Он торопливо поднимается на второй этаж, распахивает дверь и замирает на месте от неожиданности — к нему навстречу спешит его дочь Ольга.
— Не ждал? — радостно кричит она, бросаясь к нему в объятия. — Или удивляешься, как в квартиру попала? Я же знаю, что один из твоих ключей всегда у Валентины Михайловны.
— Так ты, значит, не получила?…
— Получила, получила, потому примчалась. Я ведь теперь недалеко от тебя — в Заозерном, всего в ста километрах от Ясеня. Мы там новую лабораторию сооружаем. Телеграмму твою мне туда переслали. Вот я и поспешила в Ясень. Очень хотела застать тебя до отъезда в командировку. А Валентина Михайловна говорит, что впервые слышит о том, что ты куда-то собираешься. Что же это получается, родитель? Хитришь ты что-то…
— Ну что ты, Оля!
— А ты не перебивай, выслушай прежде до конца. Я ведь не случайно сказала, что ты хитришь.
Она уже не улыбается, говорит серьезно, тем же самым голосом, каким обычно говорила ее мать в подобных случаях. И сама она очень похожа сейчас на мать.
— А хитришь ты потому, что хочешь, чтобы я провела свой отпуск не со стариком отцом, а в компании молодых людей где-нибудь на юге. Я ведь тебя насквозь вижу. Но, во-первых, ты еще не старик, раз не справил пока ни одного своего юбилея. Во-вторых, для меня ты никогда не будешь стариком, и в-третьих, такие герои, как ты, никогда не старятся.
— Какие герои? Ты тоже прочла уже обо мне в «Комсомольской правде»?
— Прочла. И попробуй только сказать, что это неправда! Спасибо Нефедову, а то так бы никогда и не узнала, что ты на фронте делал. Мама, конечно, тоже ничего не знала. Ну почему ты никогда этого нам не рассказывал? Скромность, как говорится, украшает человека, особенно военного. Но ведь смотря как о себе говорить. Можно так: «А вот я…» или «Если бы не я…» Но можно же и по-другому…
— Ну ладно, ладно! — смеется счастливый Азаров. — Тебе бы актрисой быть, а не инженером.
— Вот уж не мечтала никогда об артистической карьере. Я вполне довольна своей инженерной специальностью. Только ты, пожалуйста, не задавай мне больше вопросов о конструкциях ускорителей. Я не сомневаюсь, конечно, что это тебя интересует, но не настолько же, чтобы весь мой отпуск только об этом и говорить. Боишься, может быть, что мне скучно с тобой будет?
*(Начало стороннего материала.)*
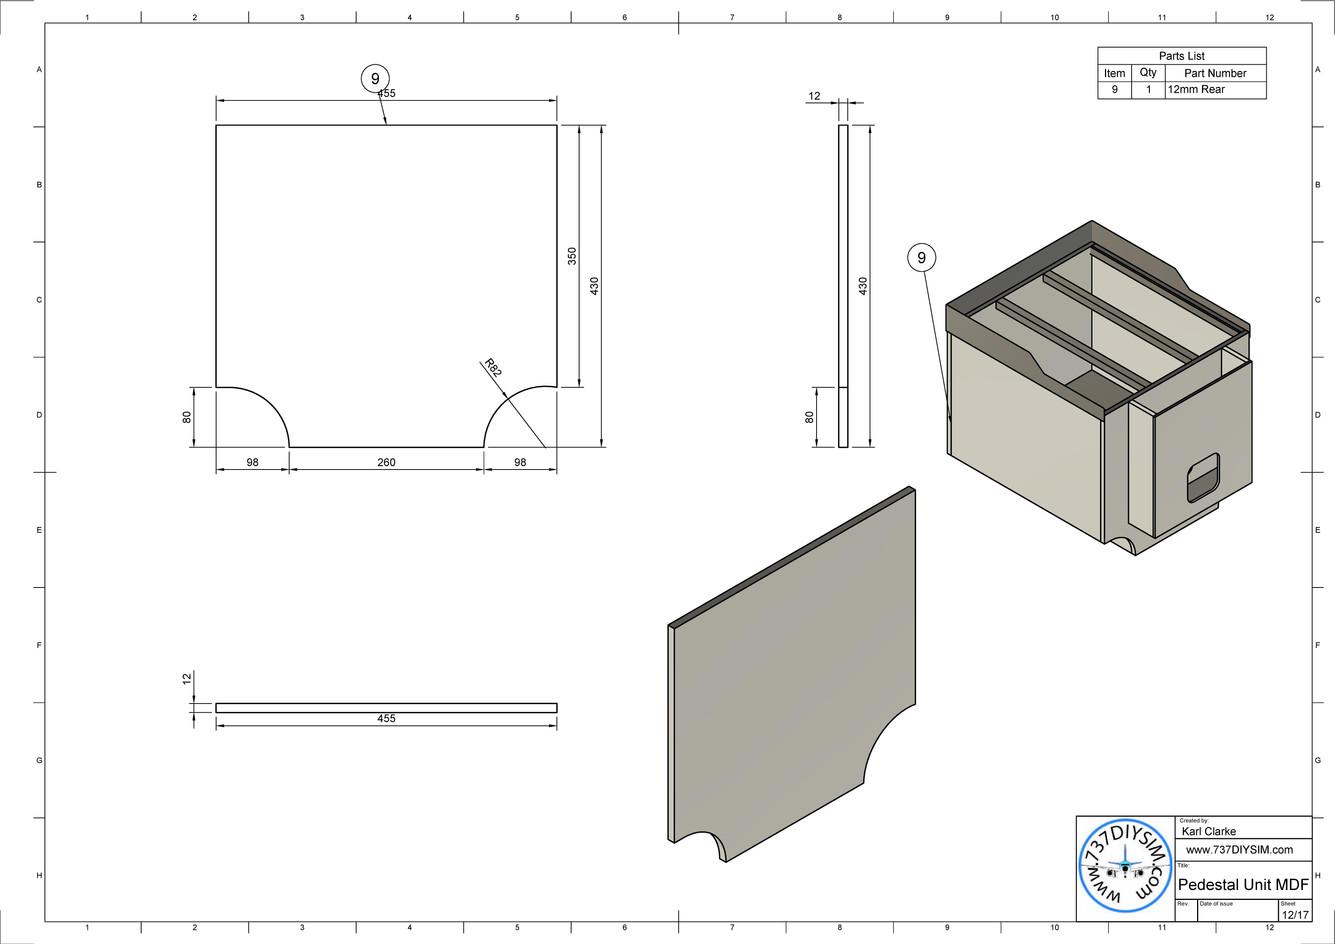 Pedestal Unit MDF Drawing v2-page-012.jp

Что я сочту тебя не на уровне века, так сказать, раз ты атомной физикой не интересуешься?
— А я и в самом деле ею интересуюсь…
— Это похвально, но об этом в другой раз. Расскажи-ка лучше, как это Нефедов, будучи в то время майором, считал себя твоим учеником, хотя ты был тогда всего лишь лейтенантом?
— Об этом тоже лучше в другой раз, а сейчас давай лучше поужинаем. И поскольку ты приехала неожиданно, придется готовить этот ужин сообща.
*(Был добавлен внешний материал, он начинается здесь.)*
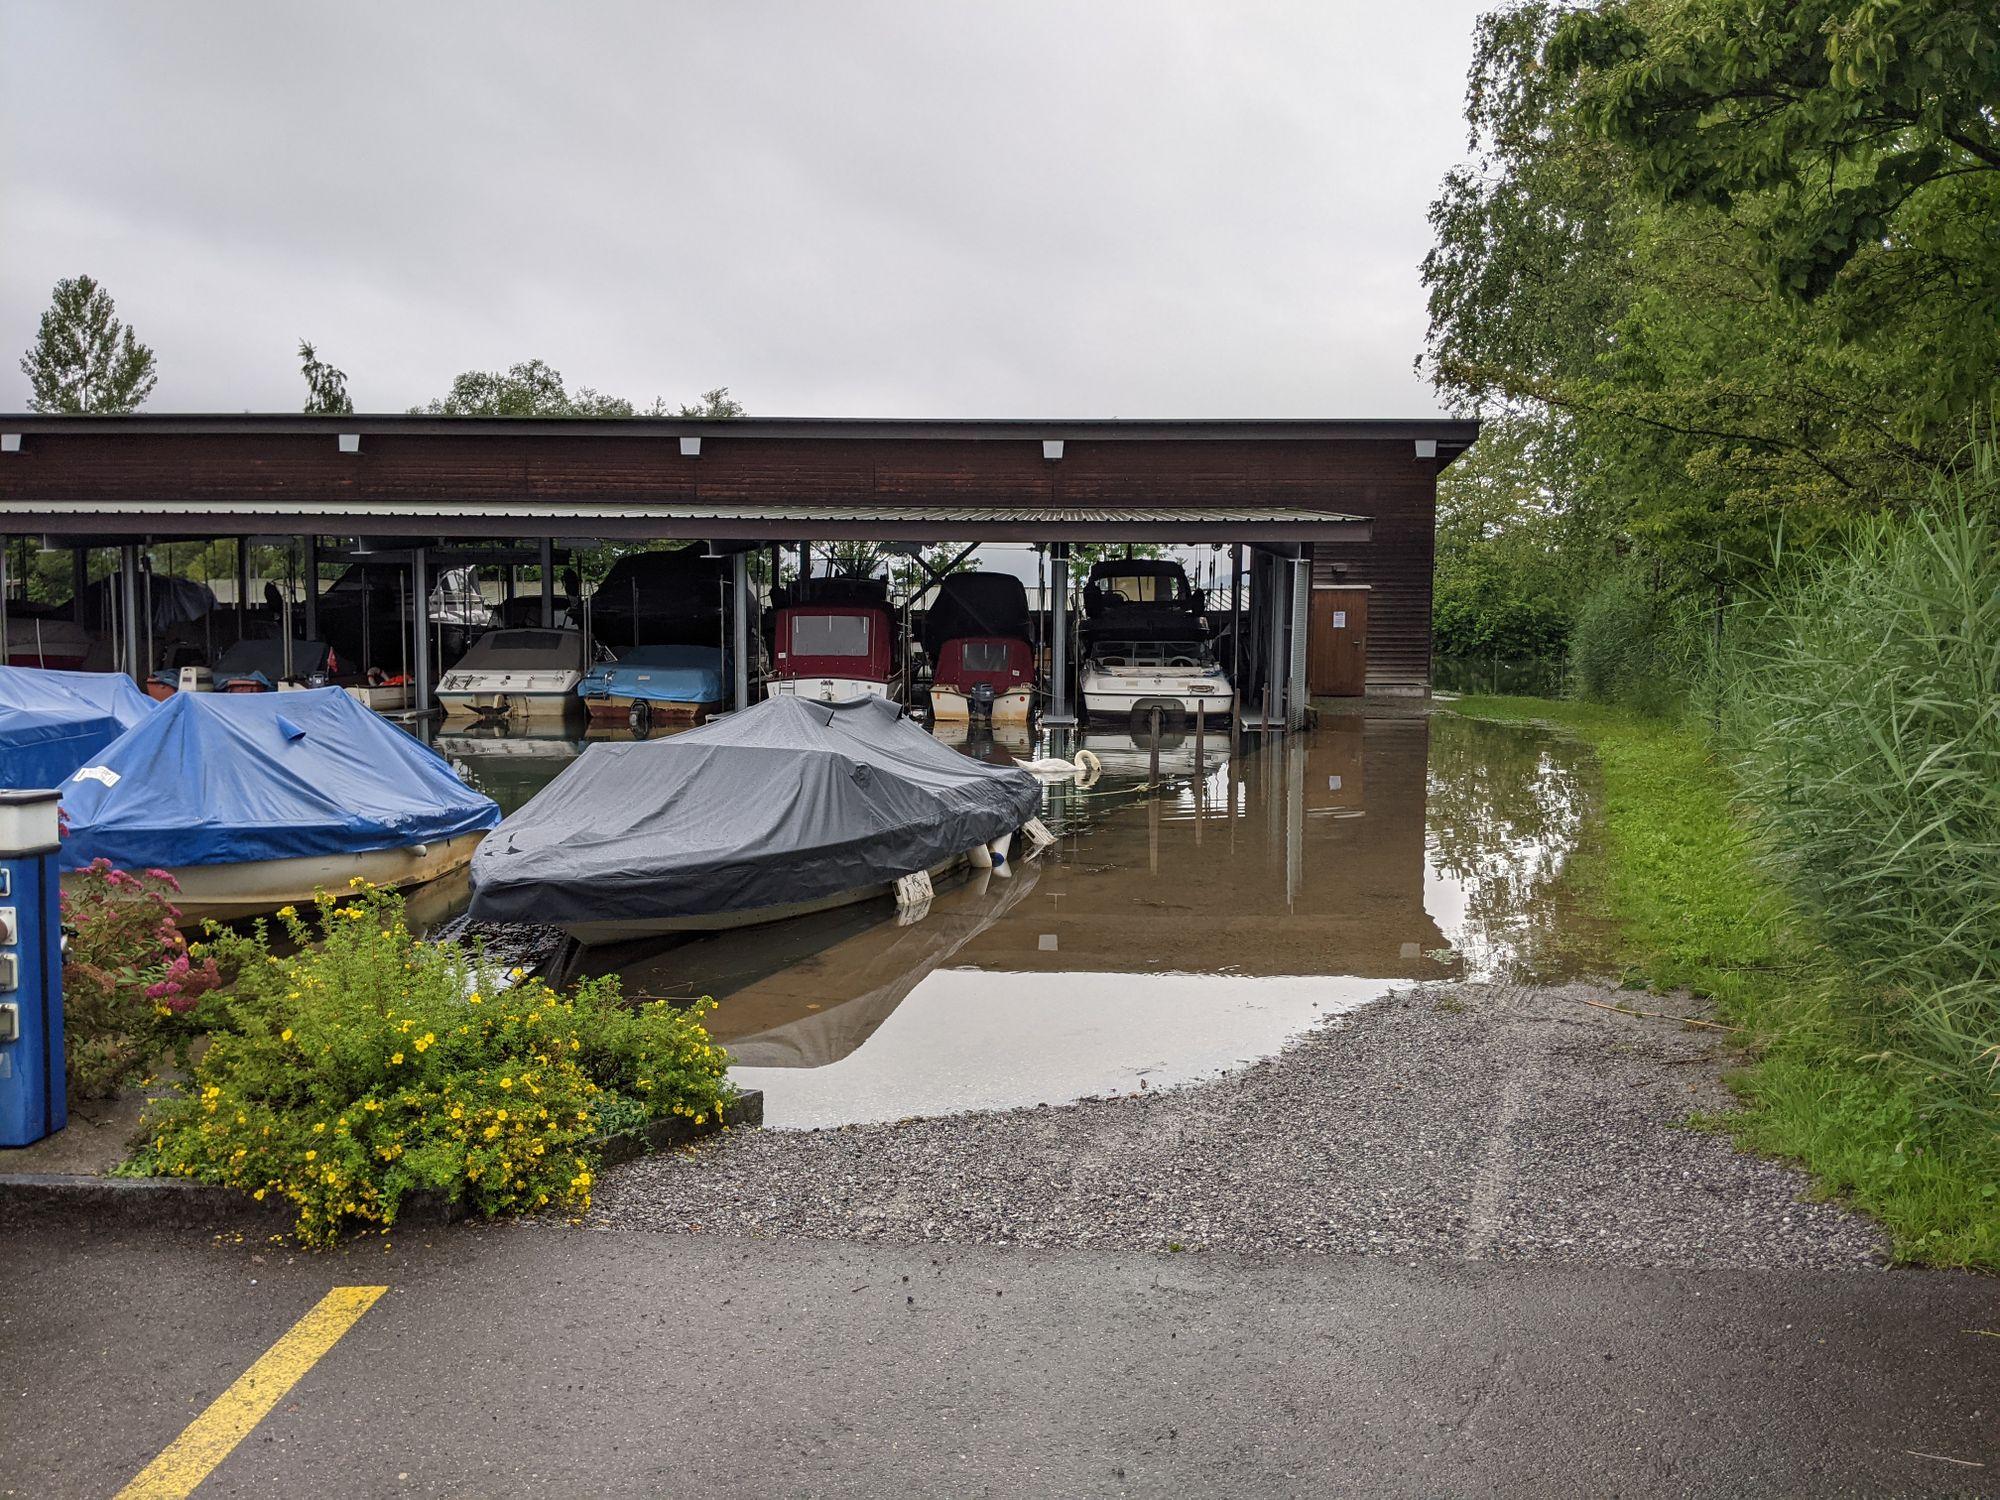 Hochwasser im Hafen Rheinkies in Schmerikon (Foto: Thomas Müller, 8716.ch)

А во время ужина он снова заводит разговор об ускорителе, засыпая Ольгу вопросами.
— Не понимаю я все-таки, зачем вы мечтаете об ускорителе на тысячи миллиардов электрон-вольт, когда в системах со встречными пучками заряженных частиц такая же энергия достигается при двадцати пяти гэвах? Видишь, я уже и терминологию вашу усвоил. Знаю, что гэв, или гигазлектрон-вольт, равен миллиарду электрон-вольт.
— Ты вообще у меня молодец! С тобой можно обо всем. А ведь не все такие. Многие, к сожалению, считают атомную физику заумной, непостижимой и потому не достойной внимания. И это подчас не какие-нибудь обыватели, а мнящие себя интеллигентами. Но как же такой физикой не интересоваться, если от ее успехов зависит будущее нашей планеты?
— Те, кто этим не интересуется, — убежденно замечает Азаров, — и есть самые настоящие обыватели. Даже высшее образование, к сожалению, от этого не застраховывает. Но ты не ответила на мой вопрос.
— Насчет энергии встречных пучков ты прав. Но на таких ускорителях могут быть осуществлены не все виды экспериментов. Интенсивные пучки вторичных короткоживущих частиц — антипротонов, мезонов и гиперонов, а также нейтральных частиц с высокими энергиями, могут быть получены только на неподвижных мишенях. То есть на таком ускорителе, о котором мы давно мечтаем…
И тут мысли Азарова об экспериментах физиков связываются с предстоящим разминированием склада немецких боеприпасов, и он заметно меняется в лице…
— Что с тобой, папа?
— Ты вот что скажи: почему вашу новую лабораторию решили строить в ста километрах от Ясеня? Ваш институт находится ведь примерно за триста километров отсюда?
— А по той простой причине, что для ее фундамента необходимо очень надежное скальное основание, которое геологи и отыскали для нас в районе поселка Заозерного. Но в чем же дело, папа? Почему у тебя такой взволнованный вид? Что встревожило тебя?
— Не хотел я этого говорить, — тяжело вздыхает Азаров, — да, видно, придется…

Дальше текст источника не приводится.